# Marriage Counselor confirms wife has issues. No what?



## veryconfusedhusband (Jul 3, 2010)

Ok posted a few threads in here before with the common "why won't she show me some love" crap. She has shown declining interest in sex and really me as a man with every life event. We are late 30s two kids. I finally decided to just do 180 for my sake and feels good but really no results with her. Meanwhile she kept pushing for MC to finally solve our problems. Ok I said and this time I picked a real counselor not a psychiatrist. He is trained in CBT and does not just nod his head and listen to our feelings. You see last time we went to counseling my wife pointed out some issues that were fair criticisms and I addressed them all. Well she did not trust it and failed to address my concerns. Anyway the MC asks her to list what I am not doing that she would like and she said umm nothing he is really on top of everything. He has asked more questions and it is clear he sees a pattern of her shutting me out. At one point he said well it sounds like you like him close to you but not too close and she agreed.
_Posted via Mobile Device_


----------



## DTO (Dec 18, 2011)

veryconfusedhusband said:


> Ok posted a few threads in here before with the common "why won't she show me some love" crap. She has shown declining interest in sex and really me as a man with every life event. We are late 30s two kids. I finally decided to just do 180 for my sake and feels good but really no results with her. Meanwhile she kept pushing for MC to finally solve our problems. Ok I said and this time I picked a real counselor not a psychiatrist. He is trained in CBT and does not just nod his head and listen to our feelings. You see last time we went to counseling my wife pointed out some issues that were fair criticisms and I addressed them all. Well she did not trust it and failed to address my concerns. Anyway the MC asks her to list what I am not doing that she would like and she said umm nothing he is really on top of everything. He has asked more questions and it is clear he sees a pattern of her shutting me out. At one point he said well it sounds like you like him close to you but not too close and she agreed.

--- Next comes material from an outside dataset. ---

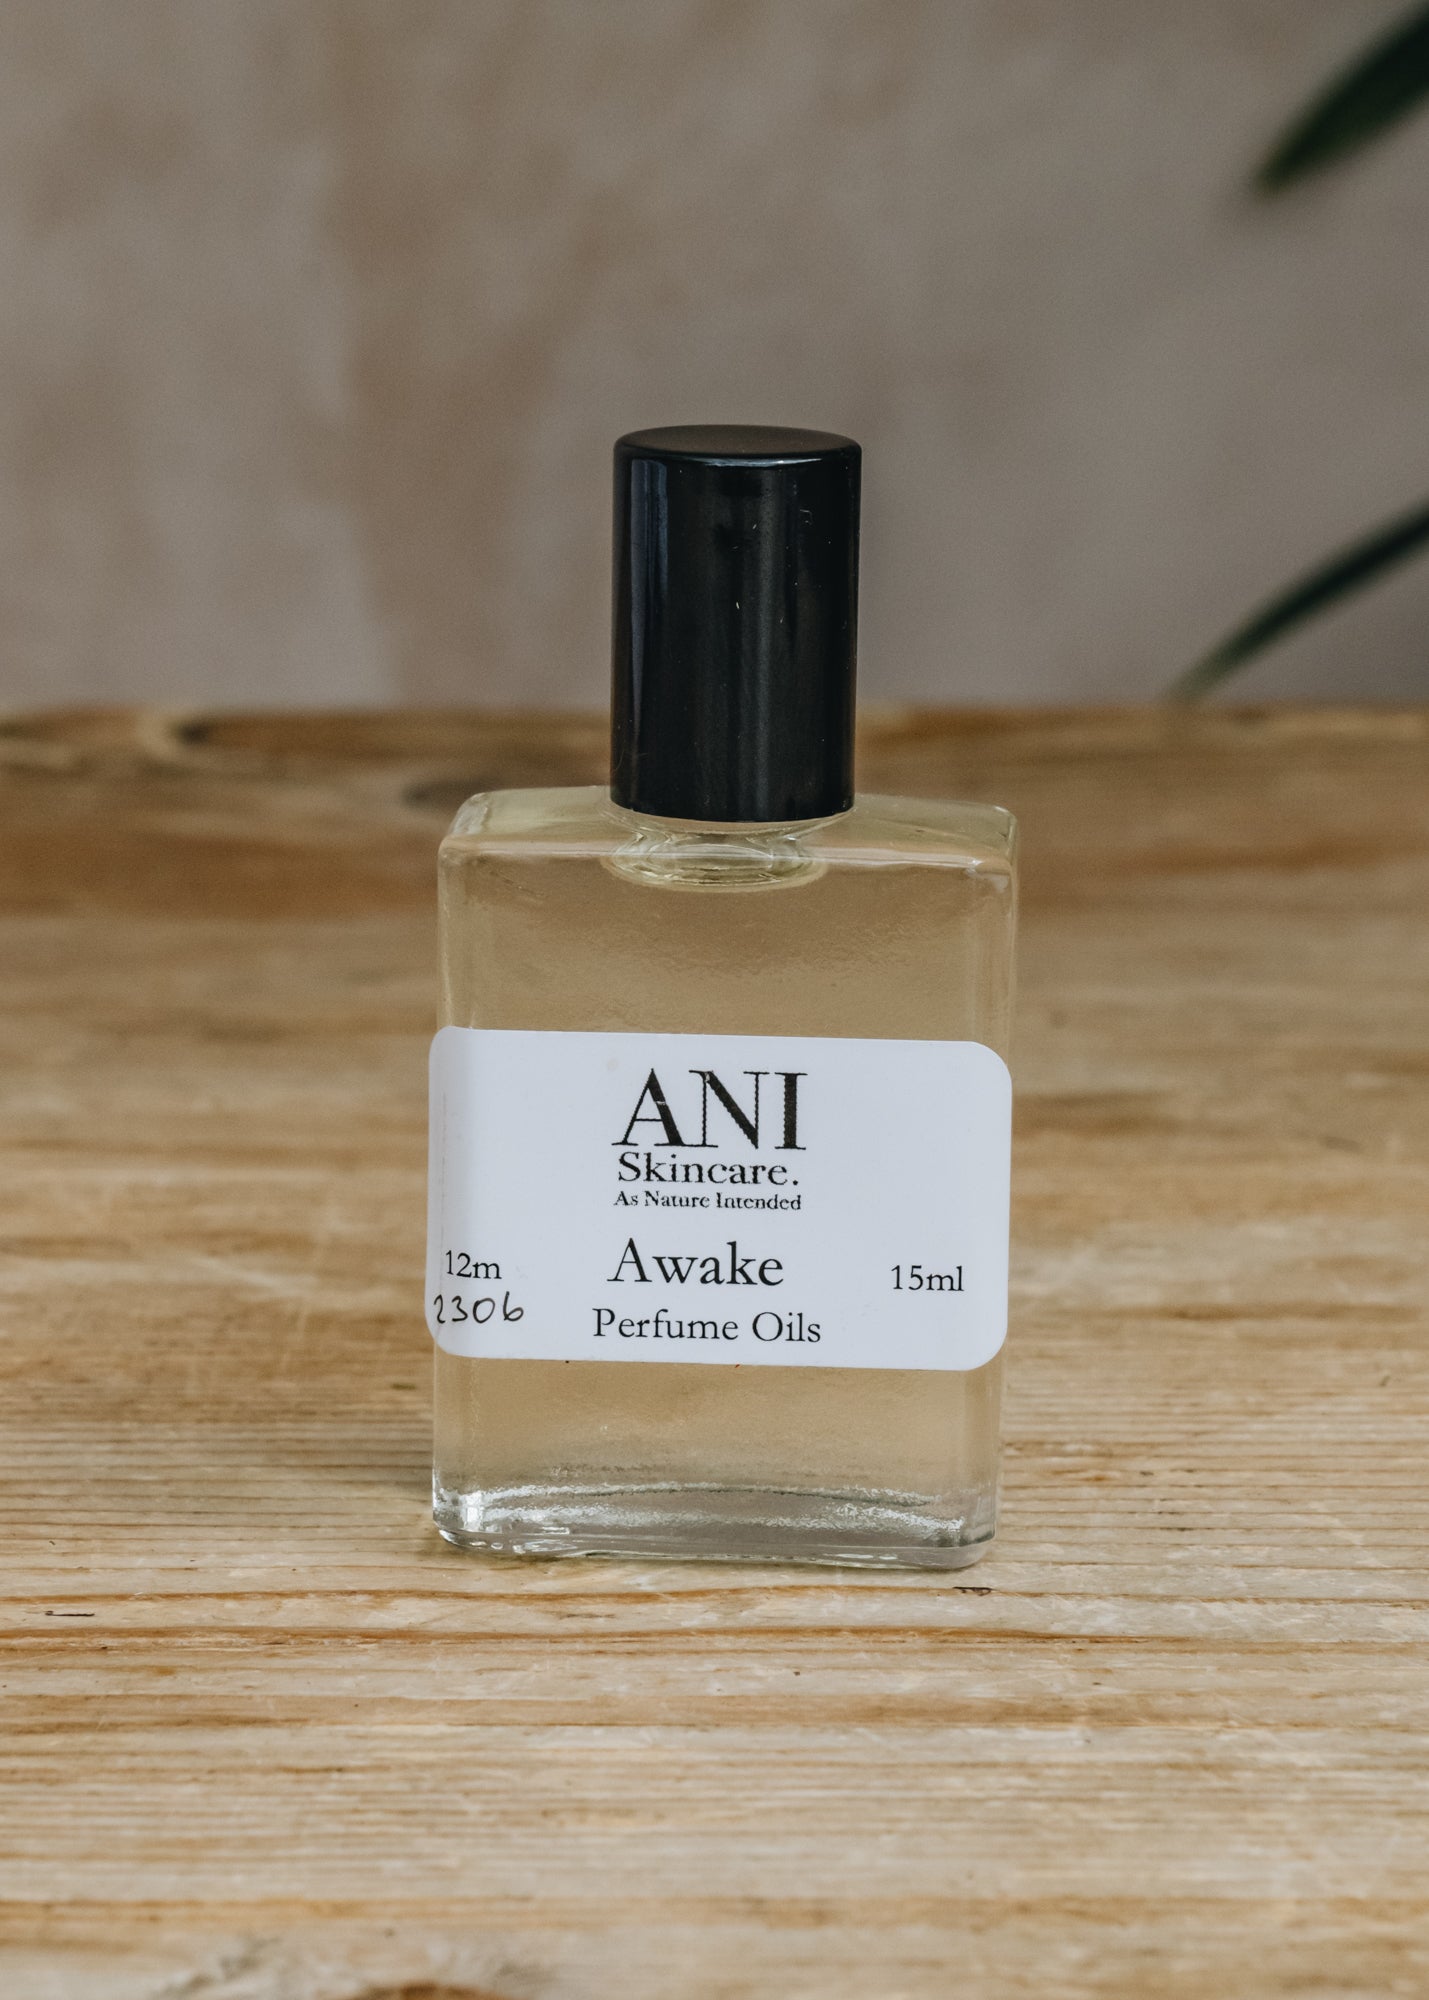 ANI Awake Perfume Oil

At your next session, you say that you have reflected on your wife's comments and this dynamic does not work for you:

1. You have no desire to remain in a marriage where your wife wants to "cruise" and reap benefits. If she's so unattracted to you that she's not williing to improve, why bother?

2. The current situation is likely unsustainable. At some point you will burn out from the mismatched effort.

Personally, I would follow the 6-month rule that Dr. Glover (the NMMNG author) espouses. You bring your best self (which you seem to be doing) for six months and see where she is at in that time. If her performance is not working for you, renegotiate or end the relationship.


----------



## wiigirl (Jun 14, 2012)

DTO said:


> At your next session, you say that you have reflected on your wife's comments and this dynamic does not work for you:
> 
> 1. You have no desire to remain in a marriage where your wife wants to "cruise" and reap benefits. If she's so unattracted to you that she's not williing to improve, why bother?
> 
> ...



I would also recommend the 6-month rule. The WORST that can happen is you know you tried and gave it your all. 

Trust me that knowledge will help if divorce/separation comes around.


----------